The framework uses existing markup on sites with structured lists (products, recipes, events, reviews) and provides:

Vector database integration (Qdrant, Milvus, Snowflake, Postgres, Elasticsearch, Azure AI Search, Cloudflare AutoRAG)
LLM connectors (OpenAI, DeepSeek, Gemini, Anthropic, HuggingFace)
Web server front-end with sample UI
Tools for ingesting Schema.org JSONL and RSS feeds

Life of a Chat Query

NLWeb processes queries through a sophisticated pipeline that mirrors modern web search but uses LLMs for tasks that previously required specialized algorithms:

┌─────────────────────────────────────────────────────────────┐
│                     User submits query                       │
└────────────────────────┬────────────────────────────────────┘
                         │
                         ▼
┌─────────────────────────────────────────────────────────────┐
│  Parallel Analysis (Step 2)                                  │
│  • Check relevancy                                           │
│  • Decontextualize based on conversation history            │
│  • Determine memory requirements                            │
│  • Fast-track check (most queries skip heavy processing)    │
└────────────────────────┬────────────────────────────────────┘
                         │
                         ▼
┌─────────────────────────────────────────────────────────────┐
│  Tool Selection & Execution (Step 3)                         │
│  • LLM selects appropriate tool from manifest               │
│  • Extract parameters                                       │
│  • Execute tool (Search, Item Details, Ensemble Queries)    │
└────────────────────────┬────────────────────────────────────┘
                         │
                         ▼
┌─────────────────────────────────────────────────────────────┐
│  Result Scoring & Snippet Generation (Step 4)               │
│  • Score results with LLM calls                             │
│  • Generate appropriate snippets                            │
│  • Collect top N results above threshold                    │
└────────────────────────┬────────────────────────────────────┘
                         │
                         ▼
┌─────────────────────────────────────────────────────────────┐
│  Optional Post-Processing (Step 4a)                         │
│  • Summarize results                                        │
│  • Generate answers from results                            │
└────────────────────────┬────────────────────────────────────┘
                         │
                         ▼
┌─────────────────────────────────────────────────────────────┐
│  Return results in specified format                         │
└─────────────────────────────────────────────────────────────┘

Performance Note: Processing a single query might involve over 50 LLM API calls.
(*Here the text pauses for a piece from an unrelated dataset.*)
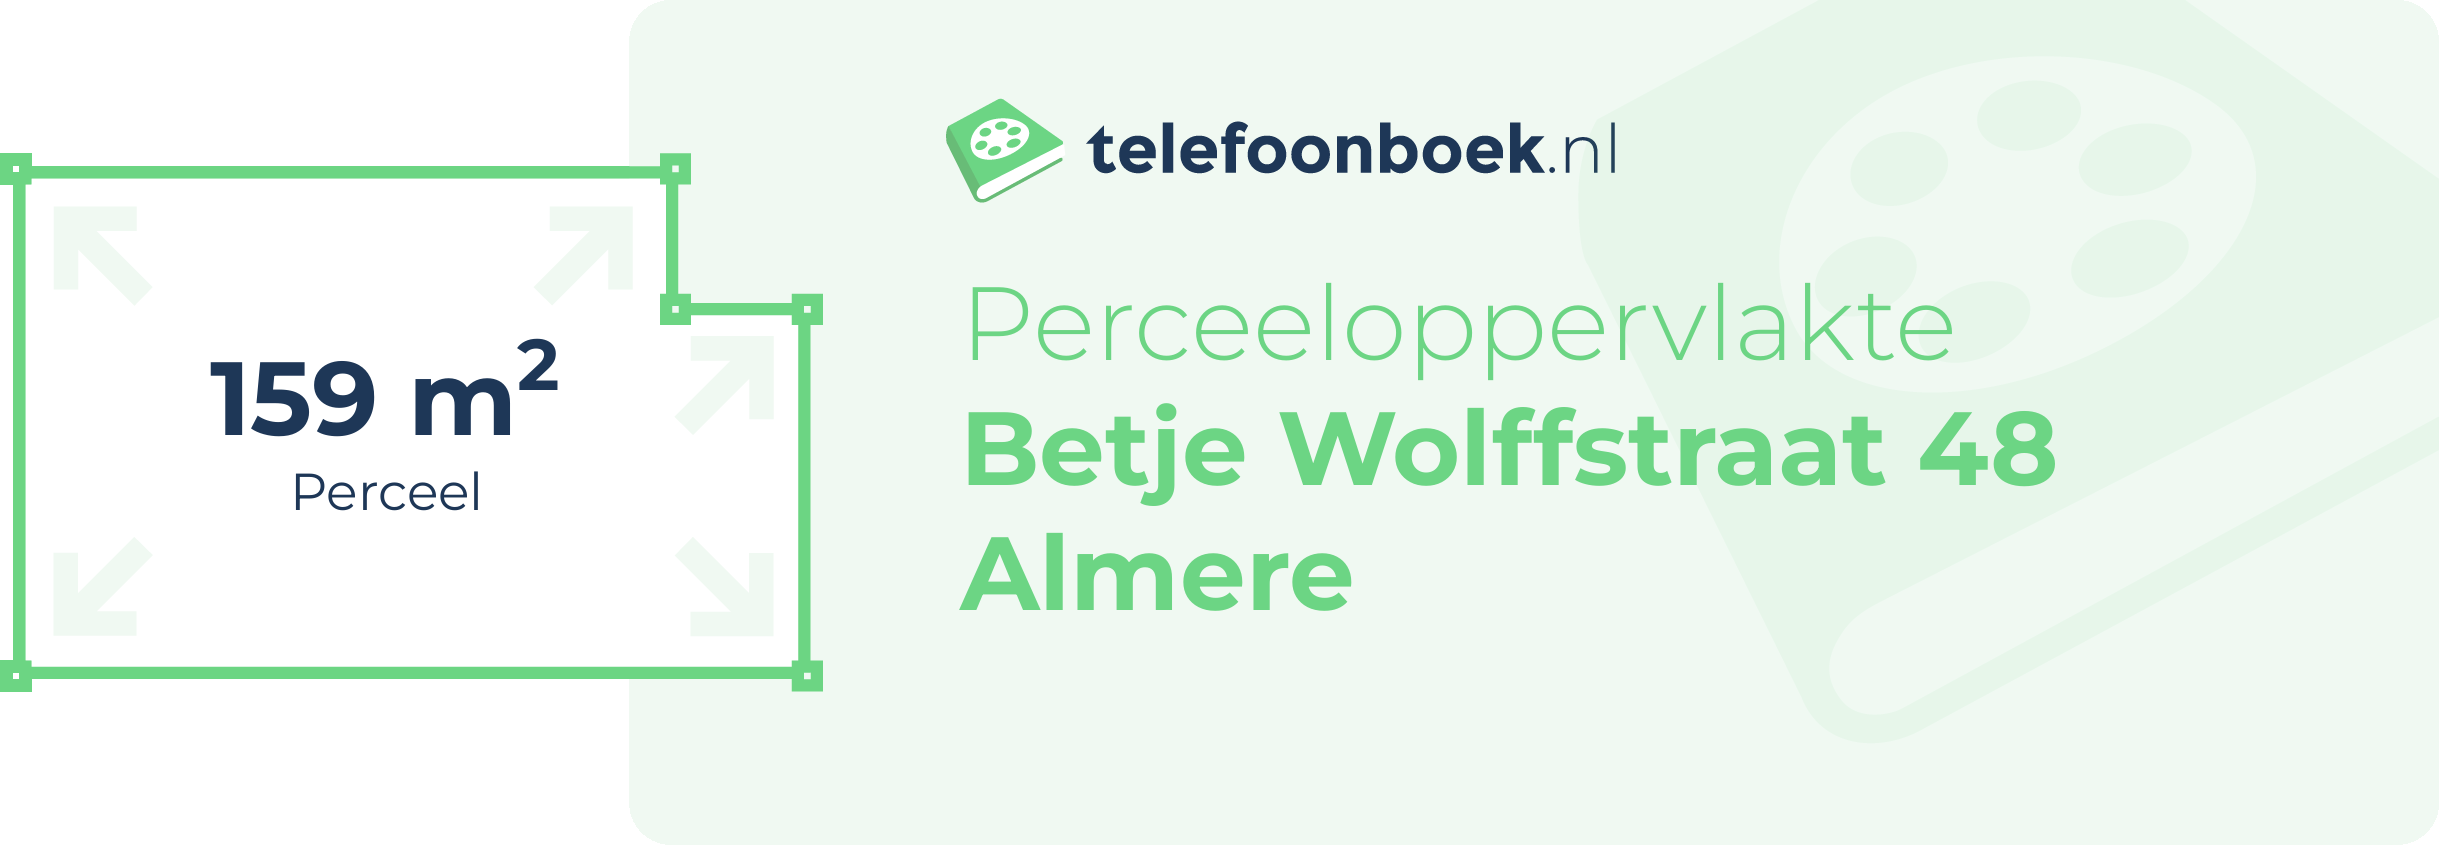 Perceeloppervlakte Betje Wolffstraat 48 Almere
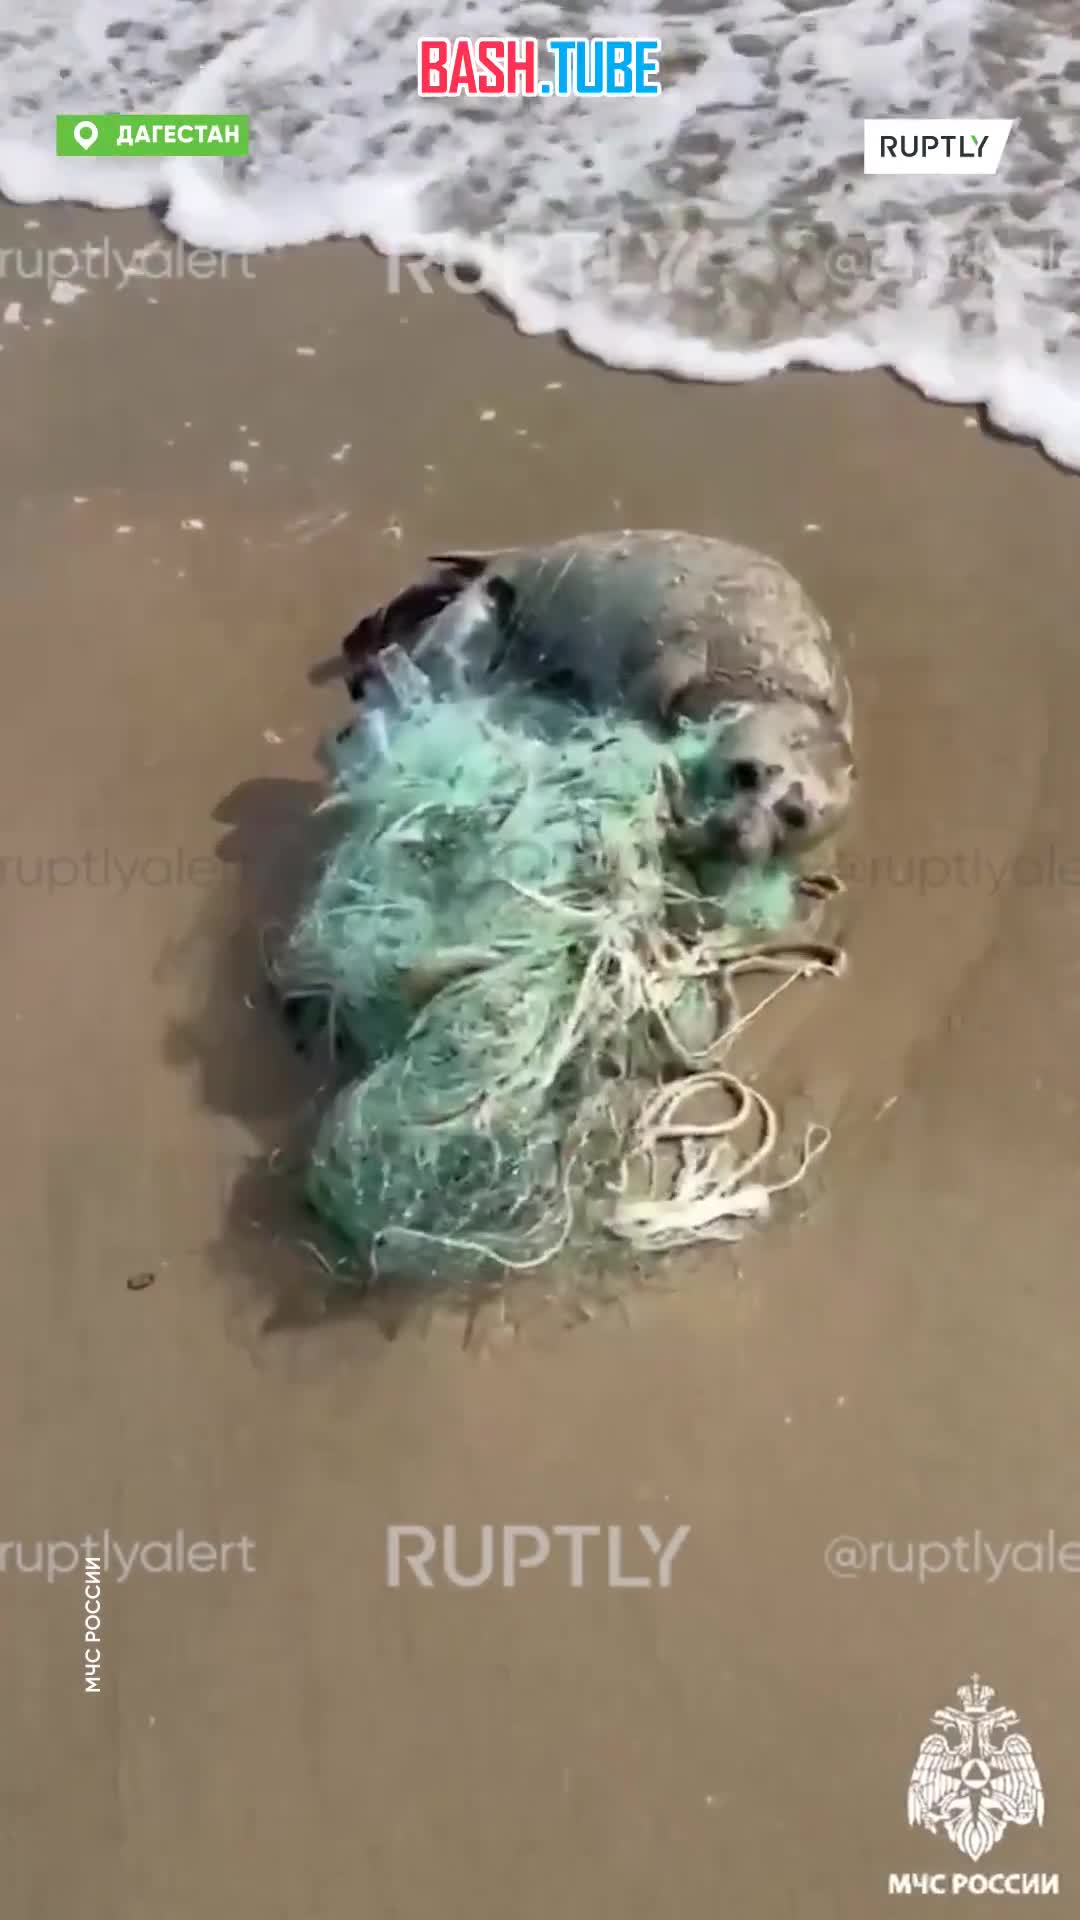  Cотрудник МЧС России спас запутавшегося в рыболовной сети малыша тюленя

However, these calls are narrow, specific, and can use different models optimized for each task.

Built-in Tools

NLWeb includes three primary tools out of the box:

1. Search Tool

Traditional search flow with AI enhancements:

Query sent to vector database (TF-IDF scores on embeddings)
Results returned as Schema.org JSON objects
LLM scoring with snippet generation
Top N results above threshold collected

2. Item Details Tool

Retrieves specific information about items:

Items specified by name, description, or context
Vector database query for candidates
LLM scoring to match candidates
Detail extraction via LLM calls

3. Ensemble Queries Tool

Combines multiple items of different types:

Handles complex queries: “appetizer, entree and dessert, Asian fusion themed”
Extracts separate queries for each item type
Independent vector database queries
LLM ranking for appropriateness
Creates ensembles from top 2-3 of each query

MCP Integration

Every NLWeb instance acts as an MCP server and supports core MCP methods:

list_tools - Enumerate available tools
list_prompts - Show available prompts
call_tool - Execute a specific tool
get_prompt - Retrieve a prompt template

The /mcp endpoint returns responses in MCP-compatible format, making NLWeb instances discoverable and usable by any MCP client.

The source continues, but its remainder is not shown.